The law I really despise is the ICPC, the Interstate Compact for the Protection of Children. It was originally intended to stop states from dumping foster children in other states to take advantage of their looser welfare policies.
First, it would seem to me that this should be the price paid for having loose welfare policies, but beyond that the real effect of the law is horrendous.
What the act does is make it hard to move children to caregivers out of state without that state’s permission or agreement. That agreement can take many months. A court action to return children to parents or name the state as their conservator has to be completed within a deadline, usually one year.
So, I have several cases where the parents’ families are from out of state. They have a large family network in that other state. But we can’t move the children to that family and have to put them in foster care. By the time the ICPC is completed, the foster family has a vested interest in the children and now they are fighting, and often succeed, in keeping the children away from the blood family.
I find this result to be repulsive, and that result is not at all unusual. I have a case that just ended where the mom and the dad’s family in New Hampshire are both very fine with middle class homes and lots of family support, yet because the children had been kept in foster care the courts don’t want to “disrupt” their lives again. It’s just about the most asinine government policy ever.
This gets me curious about ICPC. Other comments about its history and workings, positive or otherwise, are welcome.
Our September 20 Cato legal panel on the Indian Child Welfare Act (more) was more timely than I could have imagined. In the federal case of Brackeen v. Zinke, discussed on the panel, Judge Ryan O’Connor of the Northern District of Texas on October 4 declared major provisions of ICWA unconstitutional on multiple grounds including equal protection and anti-commandeering doctrine.
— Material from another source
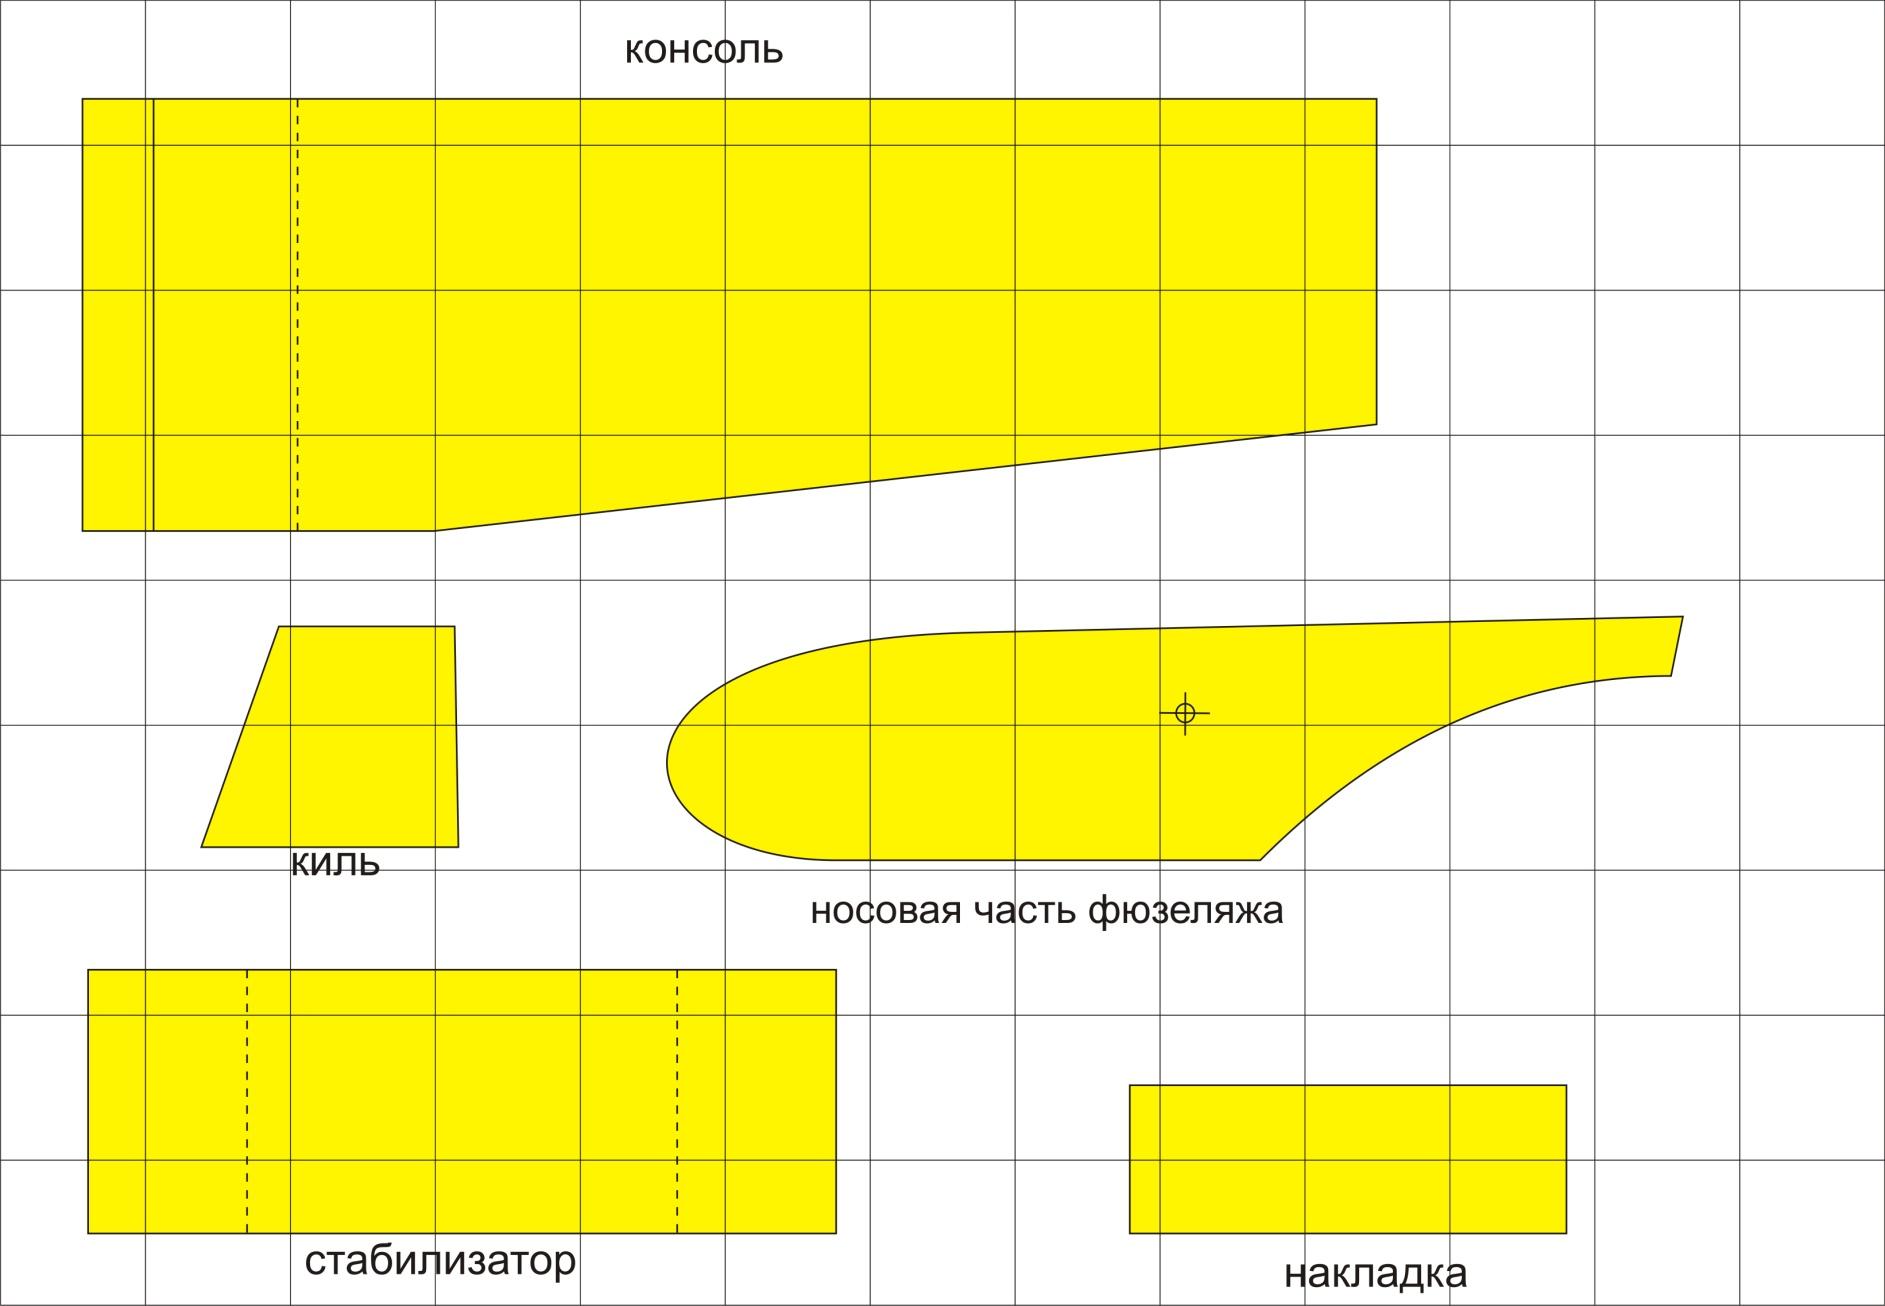 H:\АРХИВ\АВИА\Авиамоделизм\Бумажные модели\металки\шаблоны юниор.jpg

More: Timothy Sandefur; Matthew Fletcher, TurtleTalk; Emma Platoff, Texas Tribune; John Kelly, Chronicle of Social Change.
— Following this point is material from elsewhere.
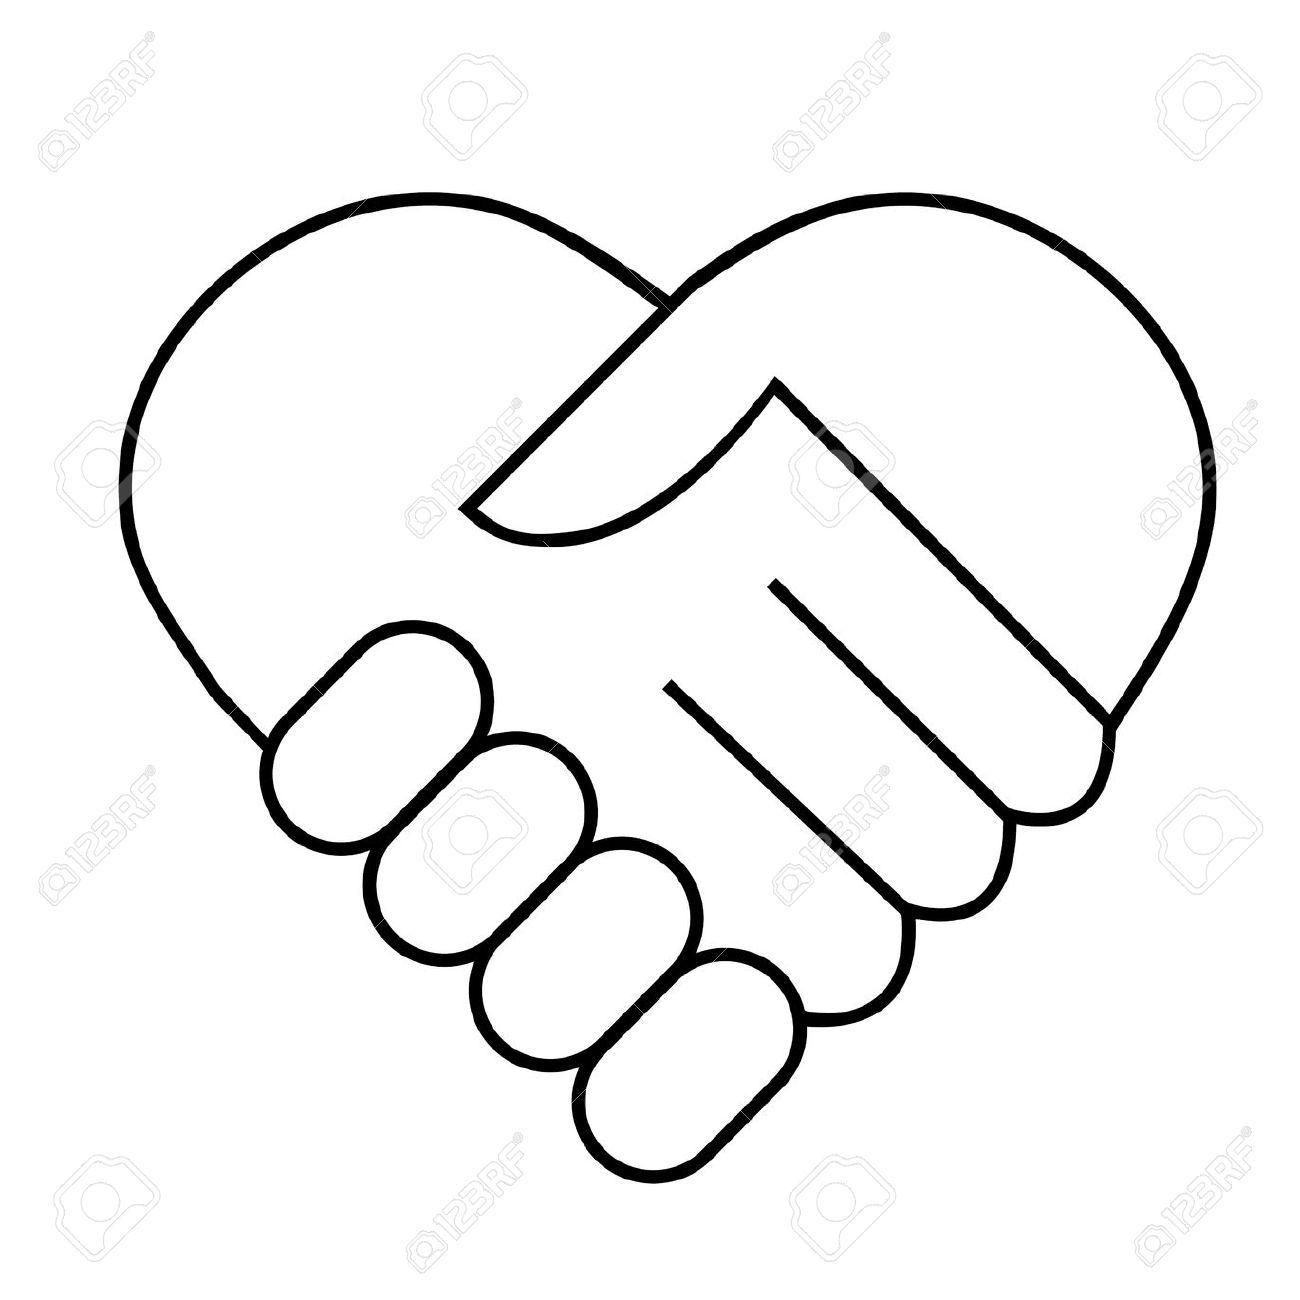 Hand we are family. Handshake clipart heart

Appeal is likely. Just before the decision, the public-radio-associated program Native America Calling had a program showcasing tribal advocates’ views. I’ve written about the Act, including its constitutional and moral infirmities, here and, as part of a Cato Unbound symposium, here.
“Passed in 1978, the Indian Child Welfare Act (ICWA) was intended to stop abusive practices by state and federal officials, who often removed Native American children from their families without sufficient justification. But today, ICWA is the subject of litigation in federal and state courts by challengers who argue that it imposes race-based restrictions on adoption and makes it harder for state officials to protect Native American children against abuse and neglect.”
On September 20 I moderated a Cato discussion of recent developments and upcoming challenges to ICWA, presented by Timothy Sandefur, Vice President for Litigation at the Goldwater Institute and author of Escaping the ICWA Penalty Box; Matthew McGill, attorney for plaintiffs in Brackeen v. Zinke, a major ICWA lawsuit under way in Texas; and Charles Rothfeld, who represented the birth father in the important ICWA case Adoptive Couple v. Baby Girl. Earlier on ICWA here.